Потом его, к счастью, ранило, и Строганов впал в спасительное забытье, а потому не видел, как кипит и краснеет вода от приближающихся разрывов.

И не узнал, что из его команды и пассажиров теплохода спаслось около двухсот человек.

Остальных – более тысячи, включая женщин и грудных детей – безжалостная арифметика войны списала на боевые потери.

Сны сорок третьего

Нет, не зря они в эту ночь ходили за линию фронта.

Все было против них – и лунная ночь, и подкрепление, которое подходило к немцам из района Гумрака, и карточный расклад, который ложился у сержанта Михайличенко два вечера подряд. А все получилось, и даже больше – целили на любого фрица, а взяли майора с денщиком. При денщике был маленький кожаный чемоданчик с никелированными замочками и уголками. Не иначе – со штабными документами. Денщик был молоденький, глупый, сейчас он испуганно жался к земле, вздрагивая при каждом близком разрыве.
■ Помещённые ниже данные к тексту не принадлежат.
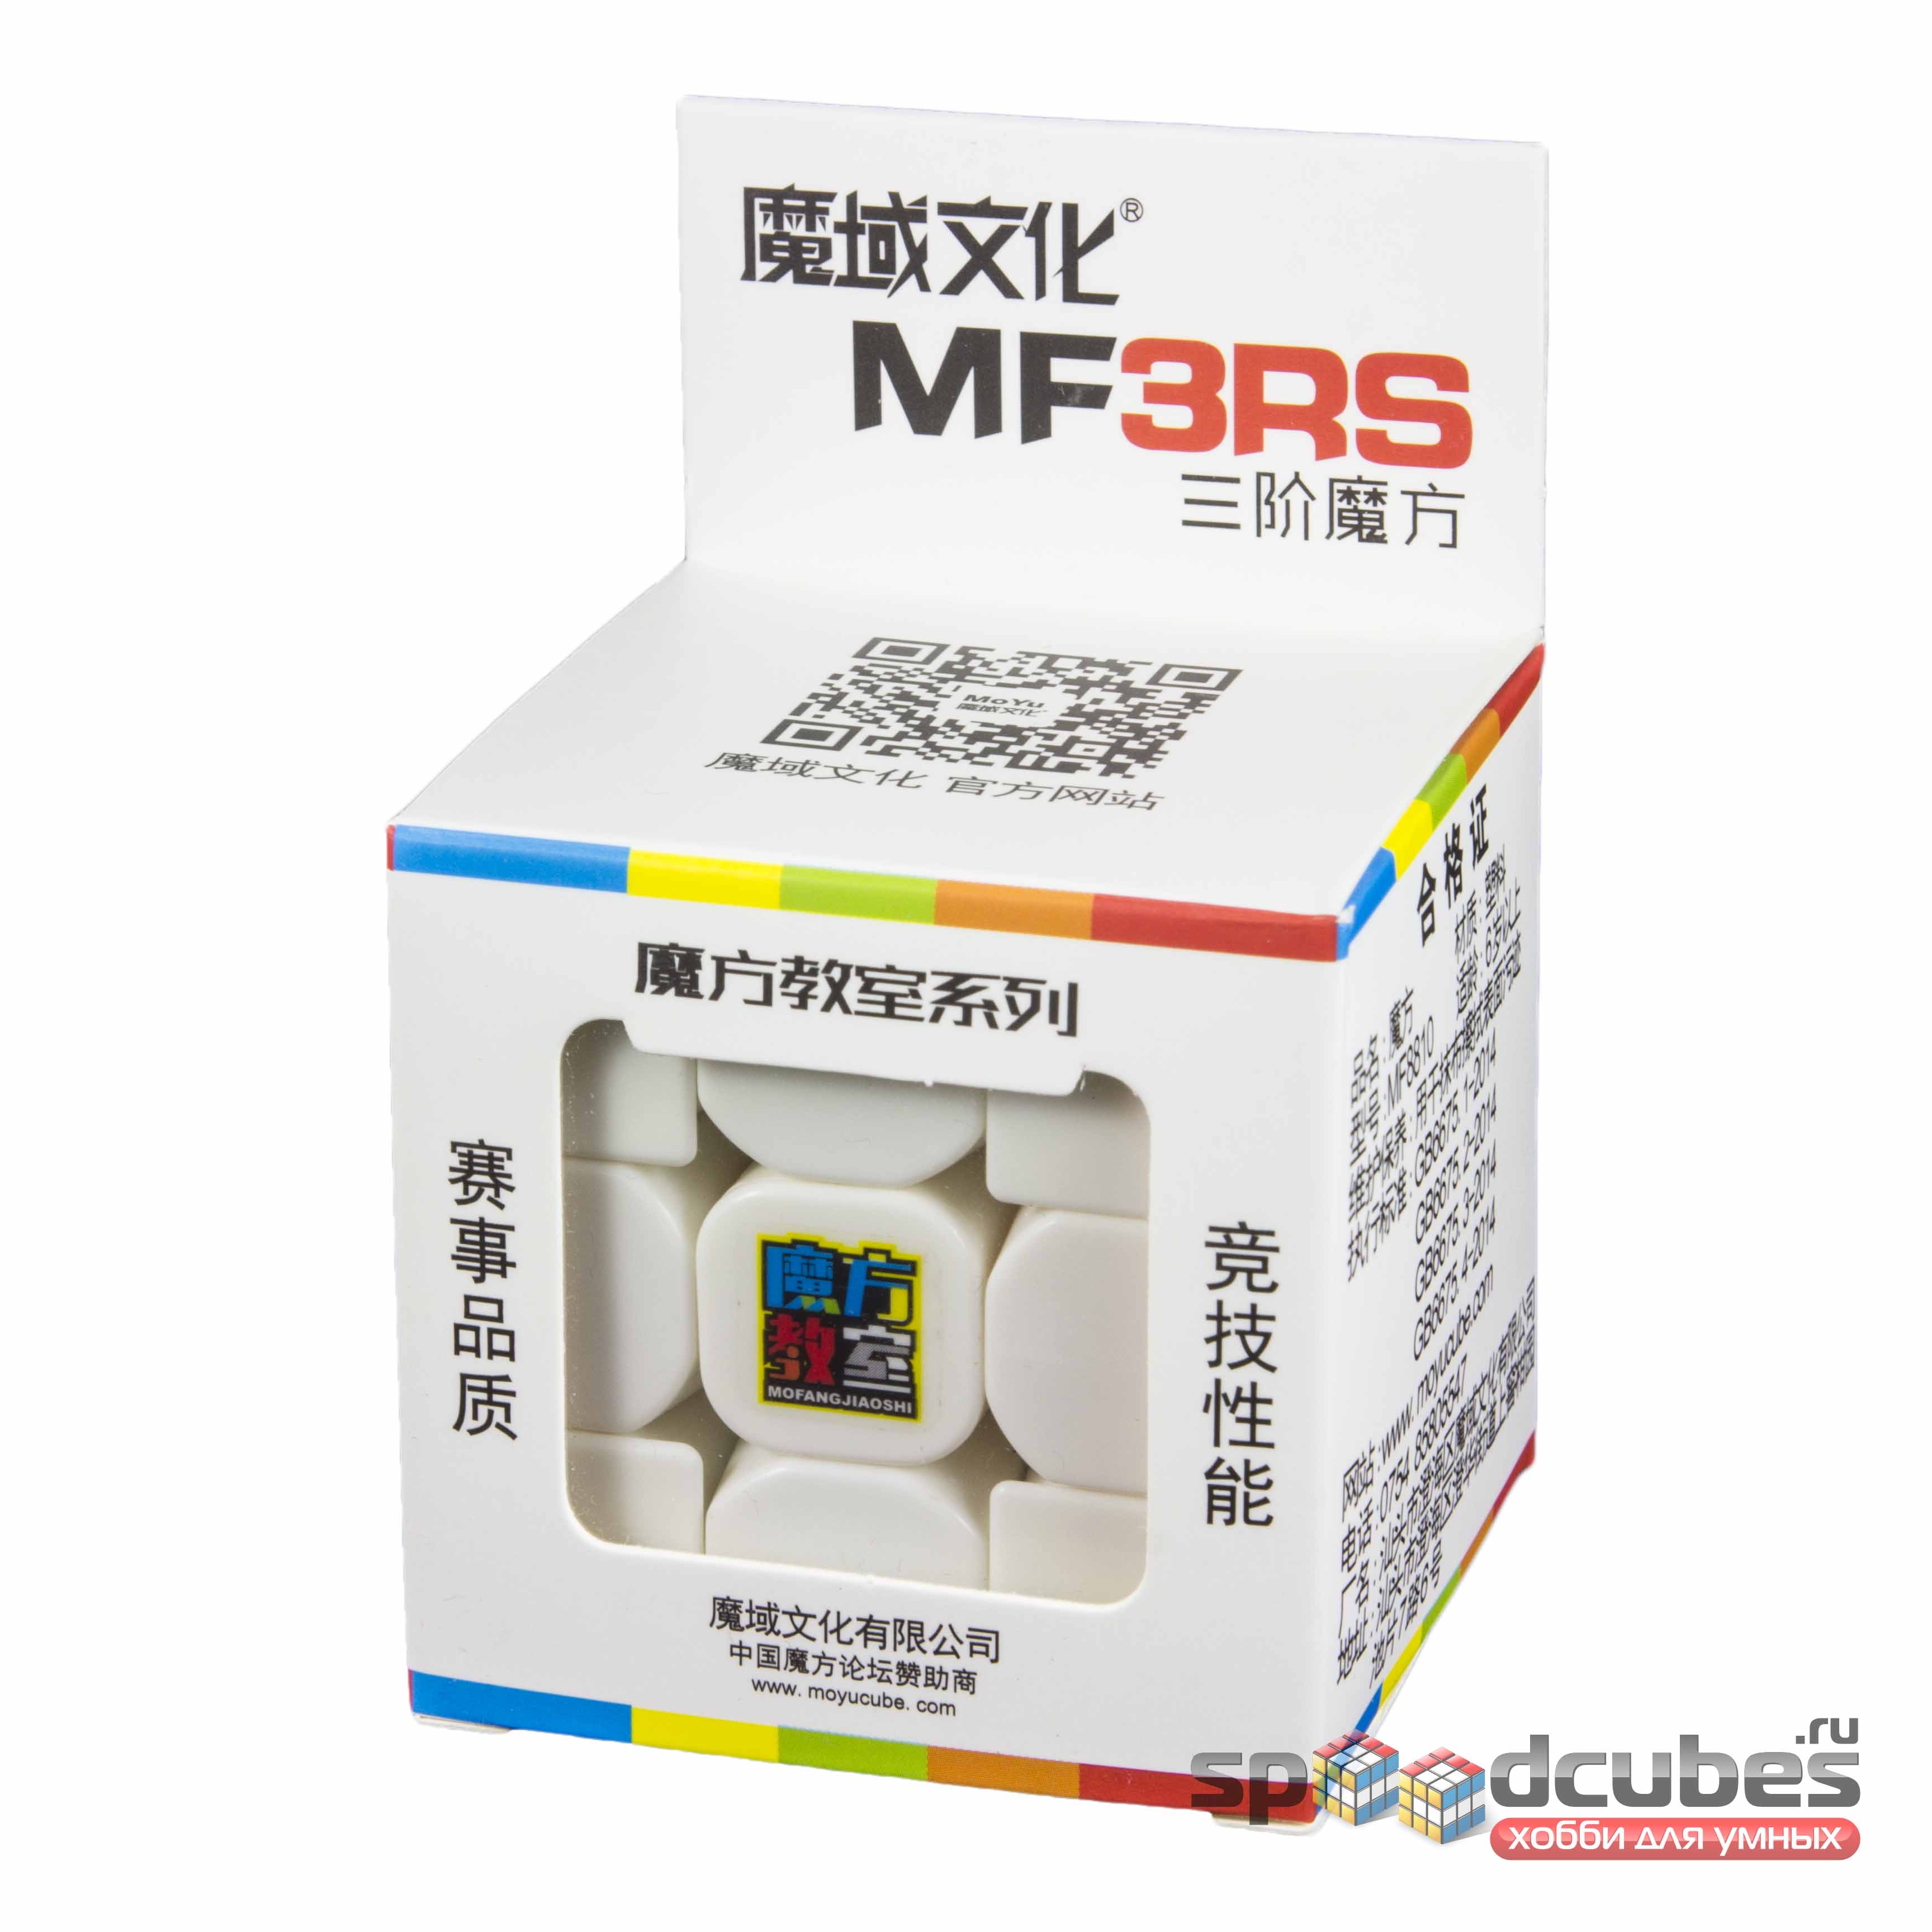 Moyu 3x3x3 Mofangjiaoshi Mf3rs Color 1

Все неприятности случаются, когда их уже не ждешь.

При отходе, уже на нейтральной полосе, они попали под редкий минометный обстрел, и надо же такому случиться – случайный осколок попал Кудинову в спину, и сейчас он лежал без сознания в воронке и громко стонал, скребя ногтями мороженую твердую землю. Сейчас не дай бог тишины – стоны в ночи далеко слышны, как и любые шорохи. Даже шепот можно услышать за сто шагов. Но счастье им не изменило – из второй линии у немцев стал работать реактивный миномет, по нему с нашей стороны ударили пулеметчики, и шуму получилось столько, хоть демонстрацию проводи с бодрыми выкриками с трибун.

– Вляпались, – сказал лейтенант Горбунько, командовавший ночным поиском. – Надо Сашку выносить! Понимаешь, что это значит?

Михайличенко понимал – в таких условиях двоих немцев не вытащить, значит, одного из них придется кончать. Ежу понятно, что избавляться придется от денщика, офицер для штабистов более ценен, офицеры между собой быстрее общий язык находят, и вообще – кто больше знает о передвижении войск? Ну конечно же старший офицер.

– А раз понимаешь, – с кривой усмешкой на едва освещенном лице сказал лейтенант, – тебе и карты в руки!

И в глаза ему в этот момент лучше было не смотреть.

Михайличенко баловался картами на досуге, до войны он даже поигрывал на катранах, случалось, и денежки немалые выигрывал. Но сейчас нежданный каламбур начальства Михайличенко не развеселил.

Он посмотрел, как исчезают во мраке товарищи, закусил губу и вернулся к немцу. Денщик лежал на спине, глядя в пустые небеса. Некстати выглянувшая из-за облаков луна высветила его молодое лицо и блестящие, жаждущие жизни глаза. Несомненно, он понял, зачем они с русским остались вдвоем, он начал извиваться, силясь вытолкнуть кляп, но ребята в поиск ходили не первый день, и ничего у немца, конечно, не получилось и получиться не могло. Михайличенко потянулся за финкой, но обнаружил только пустые ножны. Финка выпала где-то по пути, все-таки километра три им пришлось пропахать на брюхе. Михайличенко подполз ближе к немцу, ухватил его за горло и принялся душить. Немец сопротивлялся, как мог, только что его полсотни килограммов против восьмидесяти Михайличенко? Сержант душил немца, досадуя на луну. Немец глухо мычал, колотился под ним тощеньким телом, мотал головой, по щекам его побежали слезы, и Михайличенко едва не ослабил хватку, но тут же пришел в себя и снова стиснул пальцы на дергающемся кадыке. Их лица почти соприкасались друг с другом, щека Михайличенко ощущала прерывистое дыхание немца, а потом тот вдруг вытянулся, и сержант увидел, как тускнеют глаза плененного врага, ощутил, как холодеющую под пальцами плоть покидает душа.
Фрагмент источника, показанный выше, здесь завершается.